GIVEN INFORMATION:
···

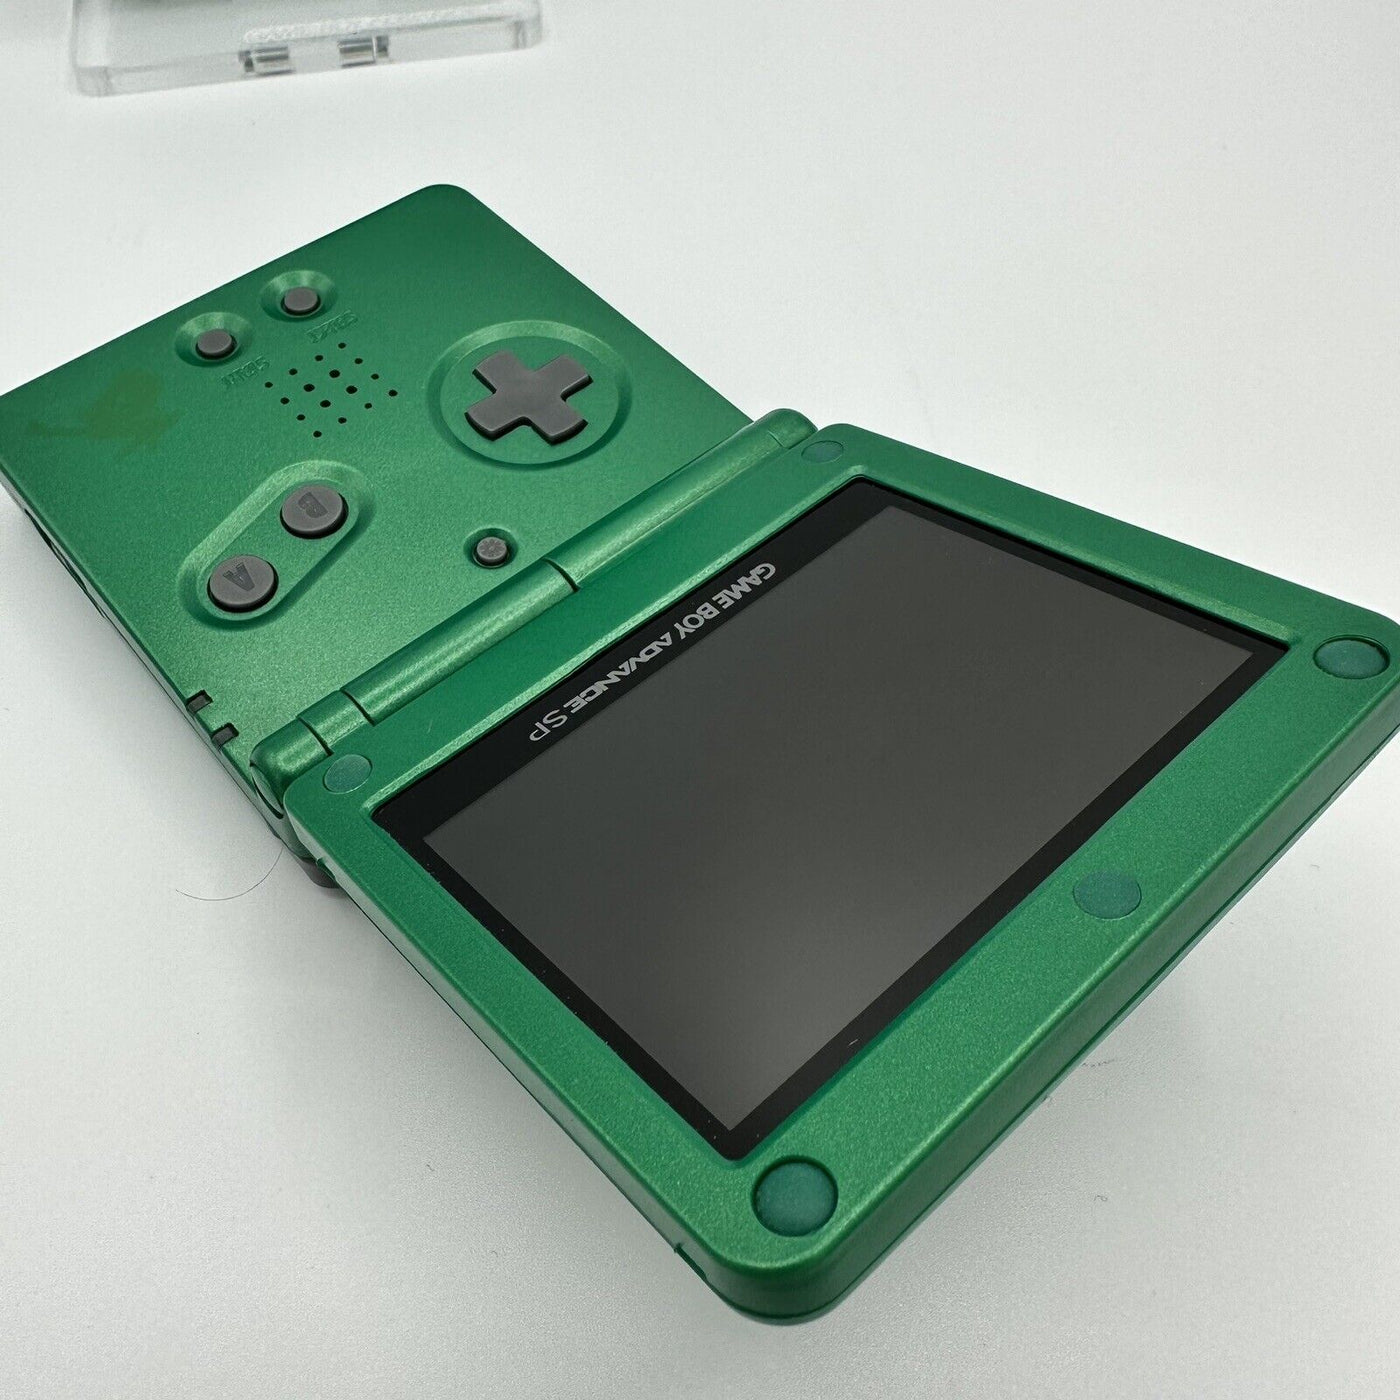 Game Boy Advance SP Console - Rayquaza Emerald Edition
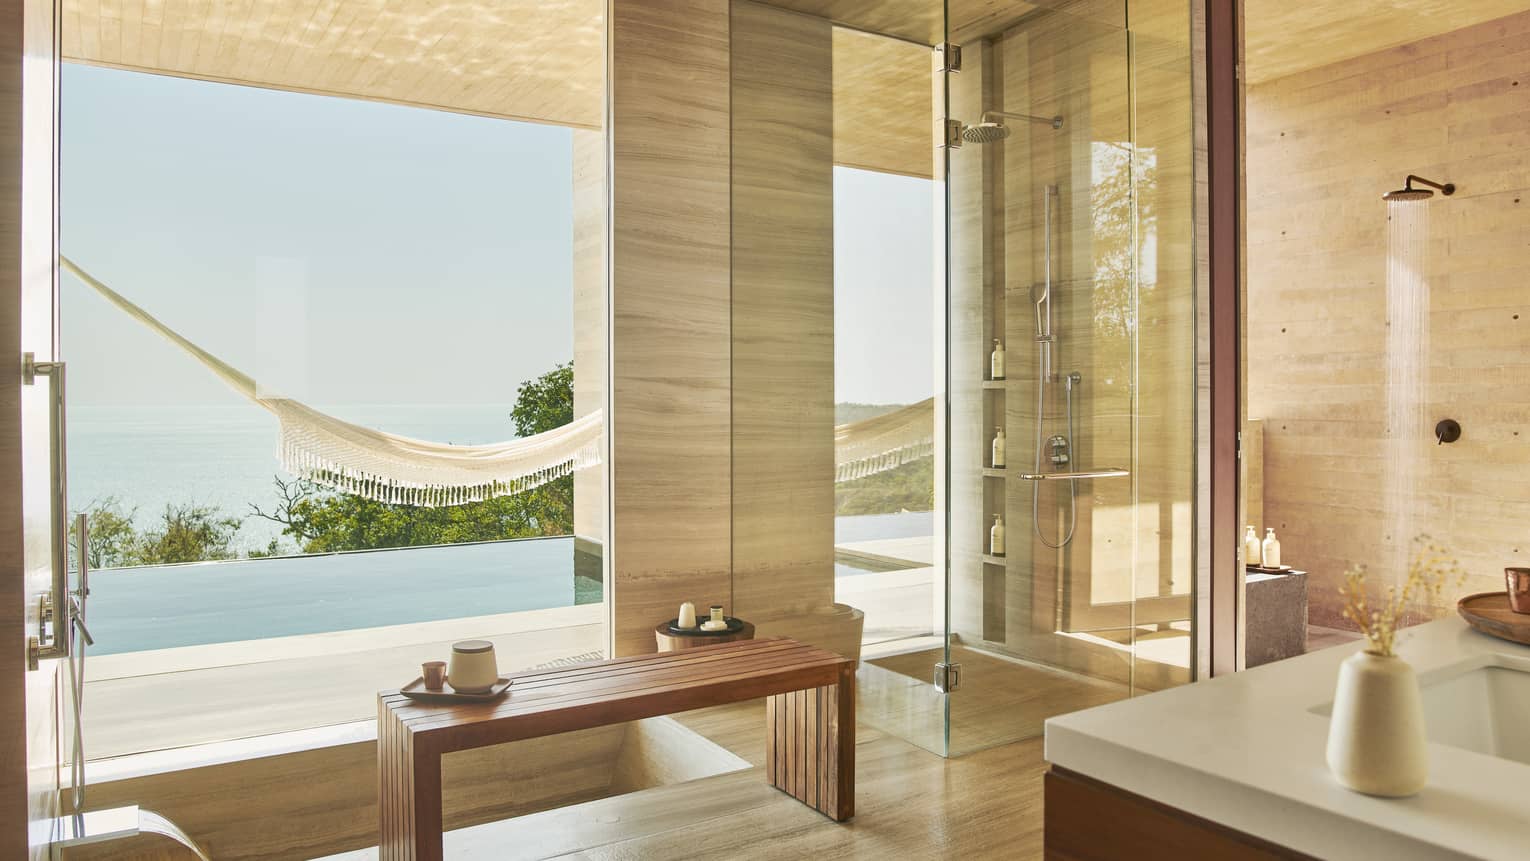 Indoor-outdoor, modern bathroom with infinity pool and ocean view
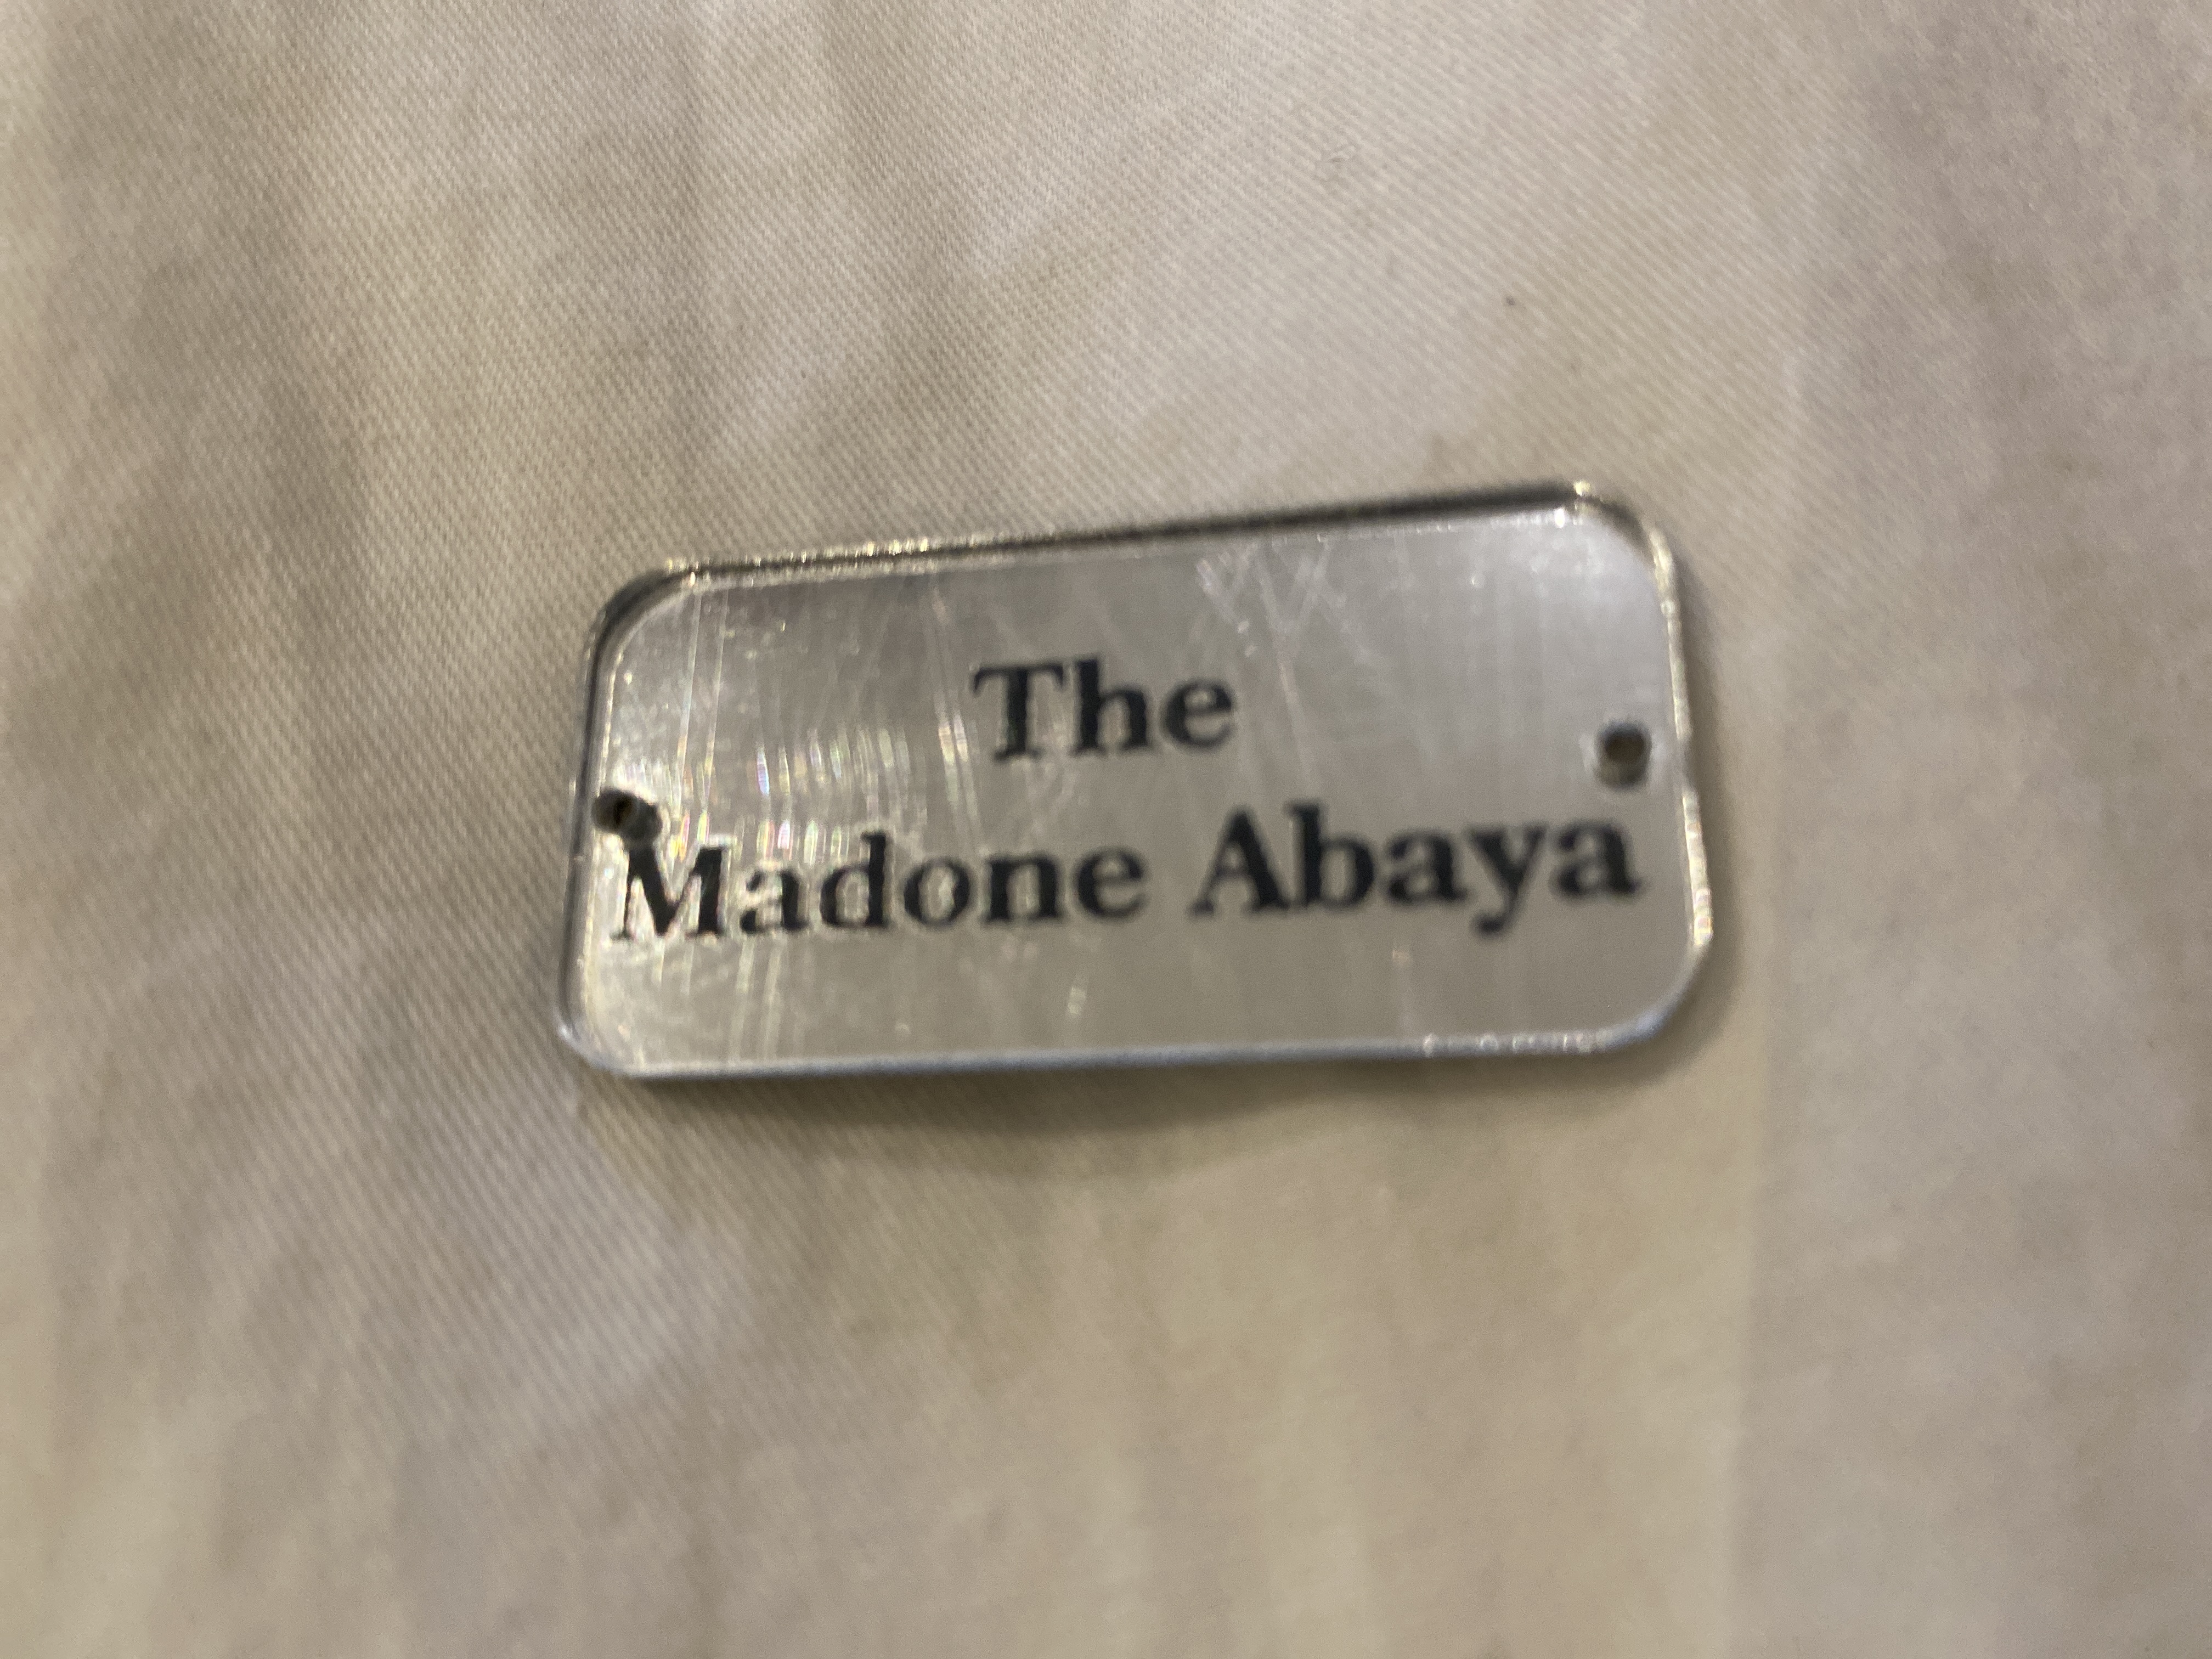 The Madone Abaya

···

PROBLEM REQUIREMENTS:
Copy the listing verbatim, omitting images.

ANSWER FOR THIS EXERCISE:
 Game Boy Advance SP Console - Rayquaza Emerald Edition
 Indoor-outdoor, modern bathroom with infinity pool and ocean view
 The Madone Abaya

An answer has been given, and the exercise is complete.